Большая фигура, закутанная в пончо, показалась на пороге и направилась к хижине, служившей им тюрьмой. Джако… Дождавшись, пока Джако повернется к ней спиной, Kaрен бросилась к сараю, чтобы предупредить Вэнса, но он уже выходил на улицу в новой сорочке, вскочил в седло и привязал к луке еще какой-то большой сверток.

– Умница, – похвалил он ее. – По пути выпустим лошадей из загона.

– Джако только что вышел из харчевни и идет к… – Она осеклась, только сейчас рассмотрев его наряд. – . А что ты и делал в… – Карен не успела договорить – она увидела, как высокий язык пламени поднялся в сарае и налетел на стопки одежды, на… С круглыми от страха глазами Карен вскочила на коня, и они шагом – чтобы не издавать шума – поехали прочь из загона. Еще мгновение – и они будут на свободе… Занятый мыслями о том, как бы поскорее оказаться в седле, Вэнс не заметил Аркадио, придя в себя, тот, спотыкаясь и утирая кровь, вошел в загон, держа Вэнса на прицеле.

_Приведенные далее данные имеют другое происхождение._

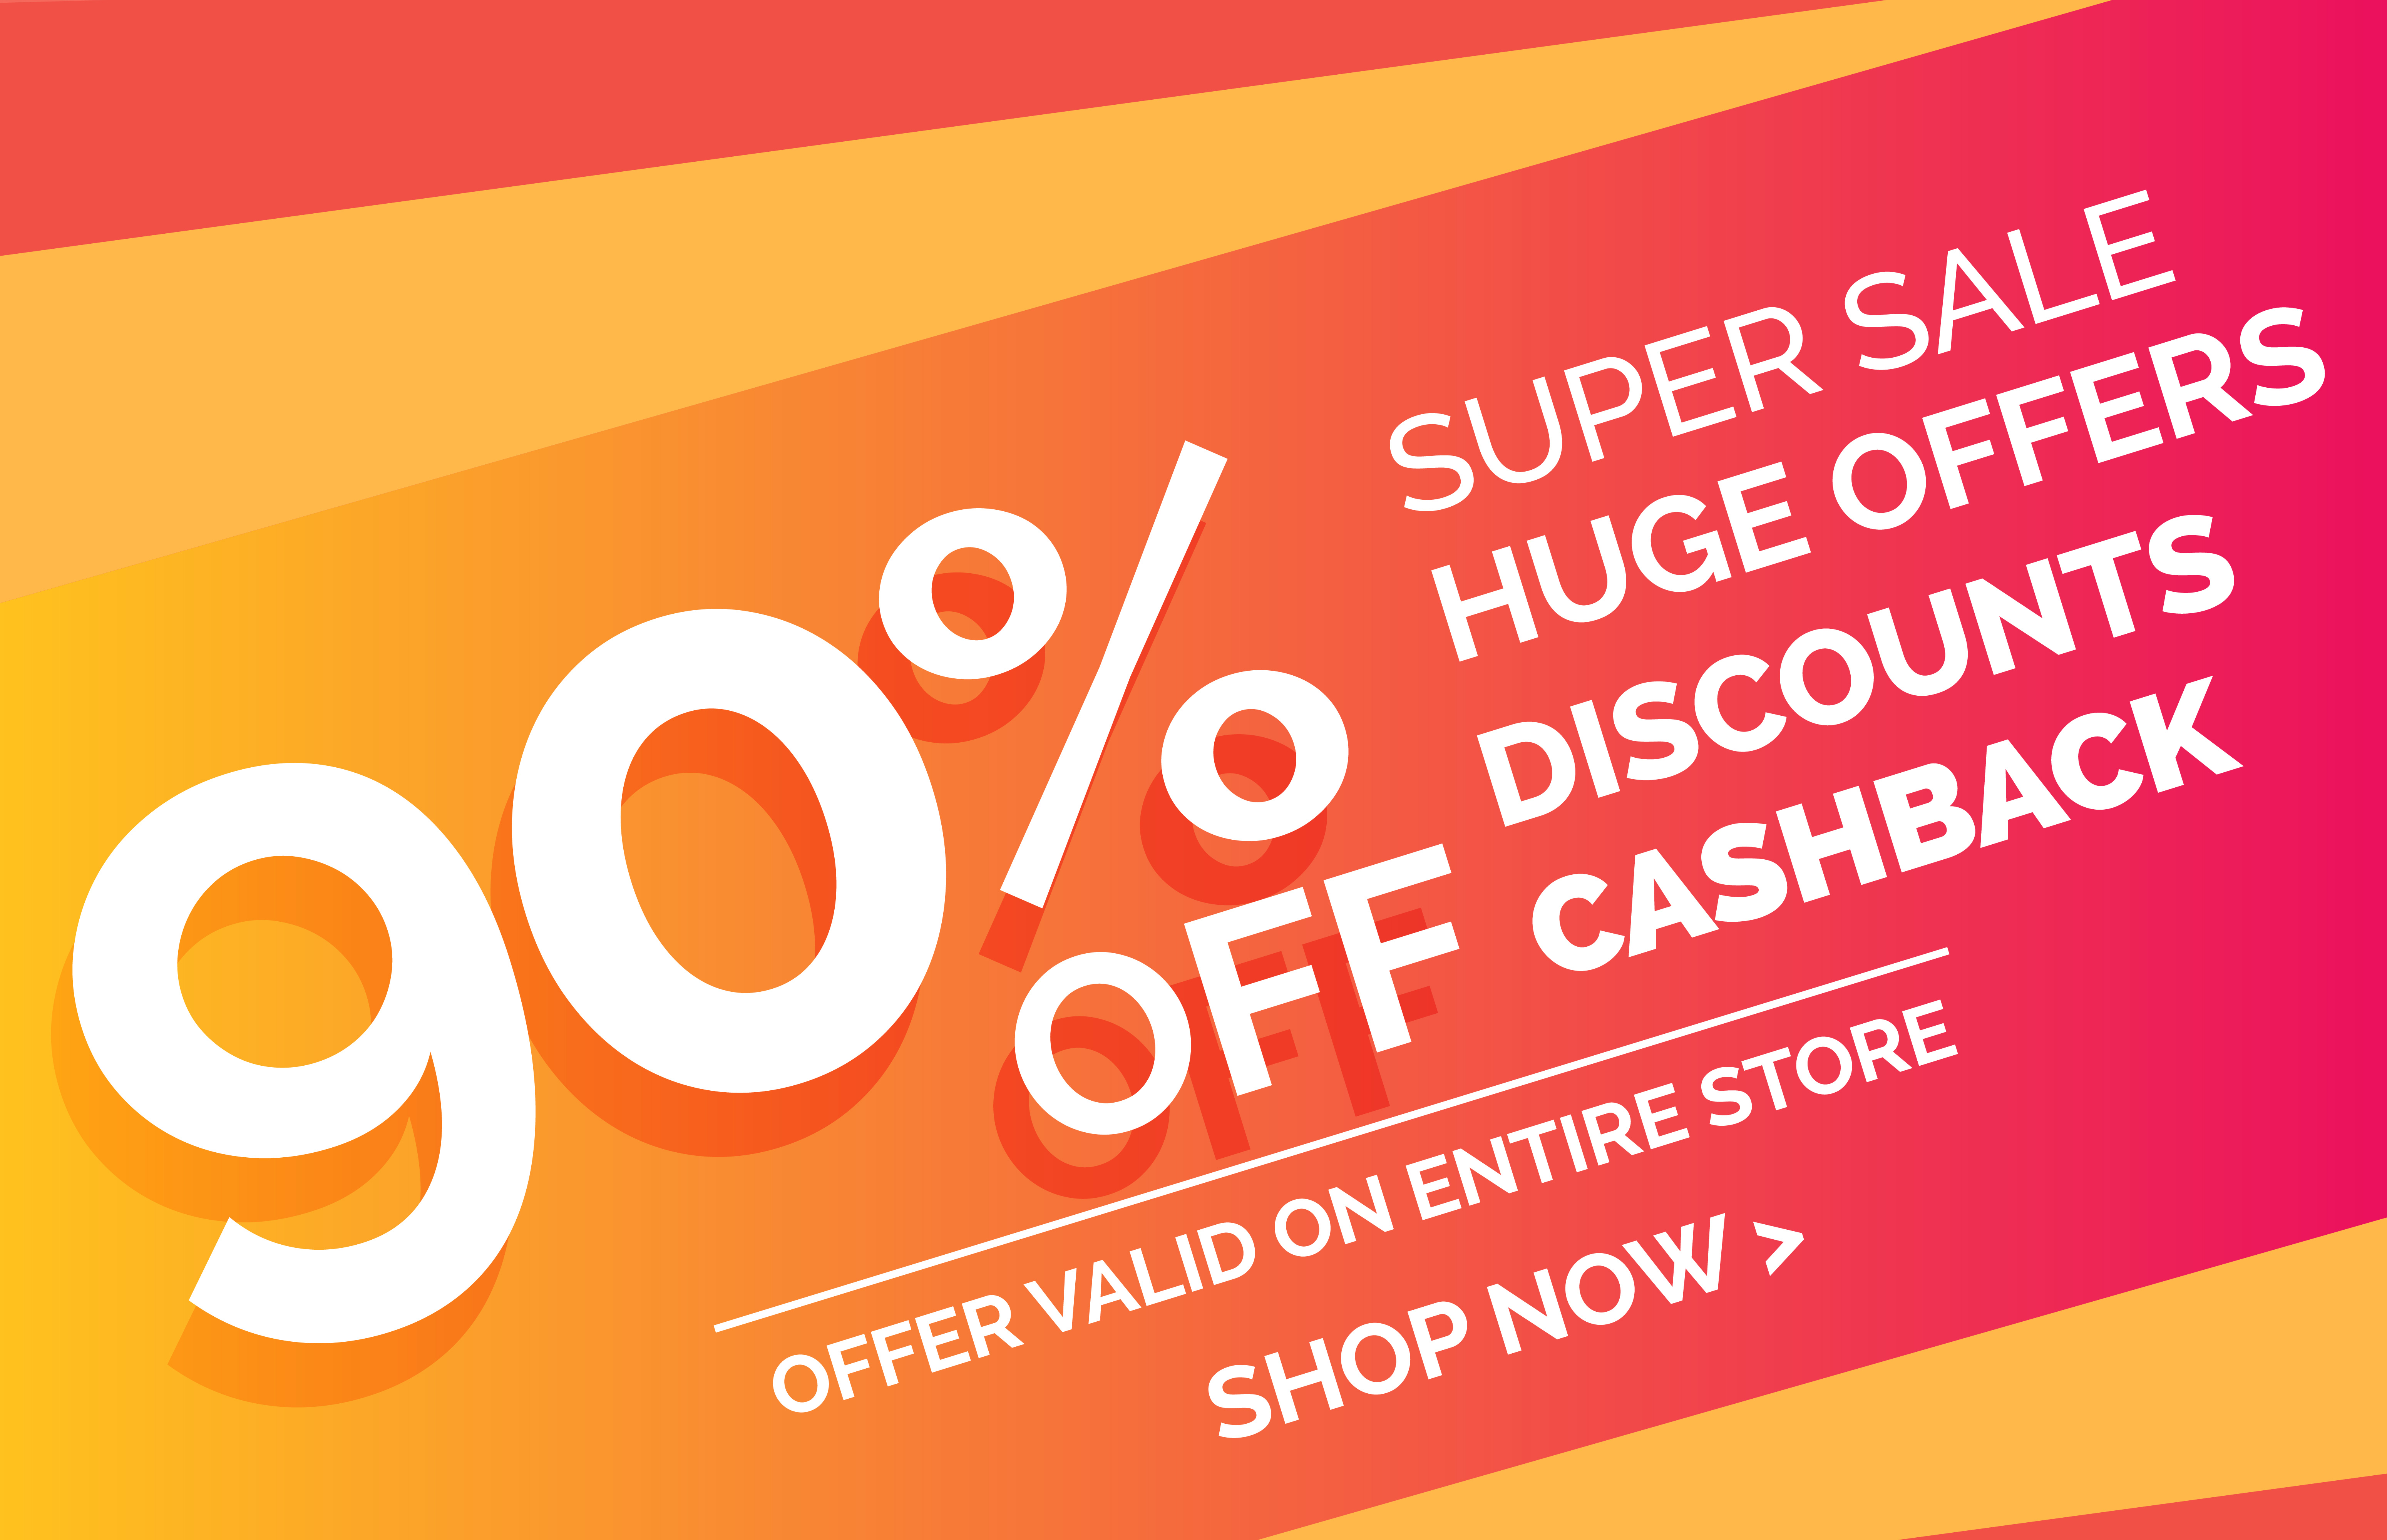 crazy sale offer discount banner voucher template design download free vector art stock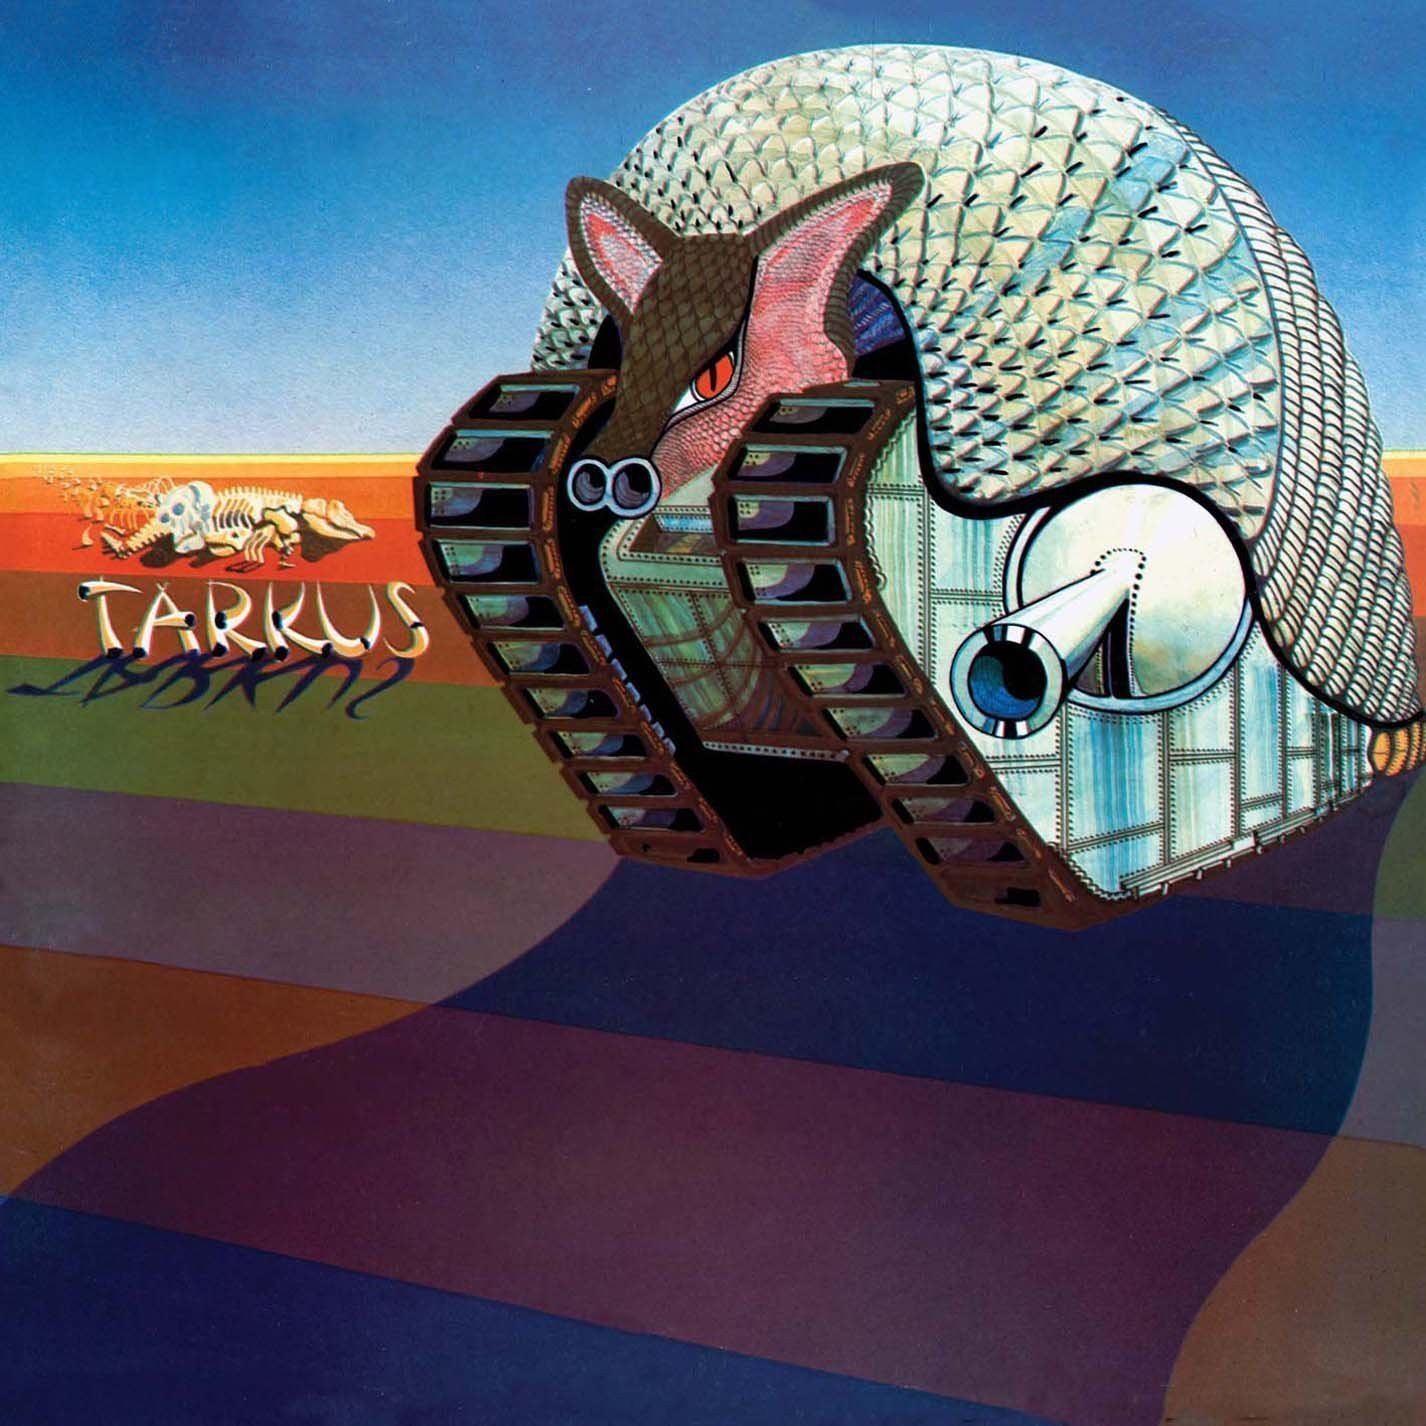 Copertina Disco Vinile 33 giri Tarkus di Emerson, Lake & Palmer

И когда лошади выходили из загона, раздался выстрел. Лошади понеслись вперед, а Пакстон, ощутив резкую боль в спине, изумленно обернулся. Аркадио теперь целился в женщину, изводя на нее оставшиеся в, барабане патроны. Карен испуганно заморгала, когда что-то обожгло ей руку, – это смерть, к счастью, лишь слегка задев ее, пролетела мимо. Выругавшись, Аркадио швырнул бесполезный пистолет на землю и потянул носом воздух – он только сейчас почувствовал запах дыма. Обернувшись, бандит с ужасом увидел черные клубы, вырывающиеся из двери сарая.

«Порох!» – вспомнил Аркадио. С обезумевшими от страха глазами он бросился вон из загона. По пути отметил про себя размытое очертание деревенской лавки и на полу бездыханную фигуру старого Флореса – человека, которого он застрелил, за мешок еды. Аркадио заметил, что из харчевни бегут люди – его друзья, проститутки, которые обирали его и за жалкие гроши шептали на ухо всякие льстивые слова. И тут крик, родившийся в глубине его существа, наконец вырвался наружу диким и страшным воем. Аркадио почему-то увидел мальчика с огромными темными глазами, играющего в грязи на деревенской улице. Этот мальчик – он сам. Когда ребенок поднял на него глаза, в небо поднялся огромный огненный столб, но его он уже не видел. И раздался оглушительный грохот, которого он не услышал. Как не заметил и гигантского куска стены, который, поднявшись в воздух, обрушился на него и разорвал на части его тело – в точности как ребенок разрывает надоевшую ему игрушку.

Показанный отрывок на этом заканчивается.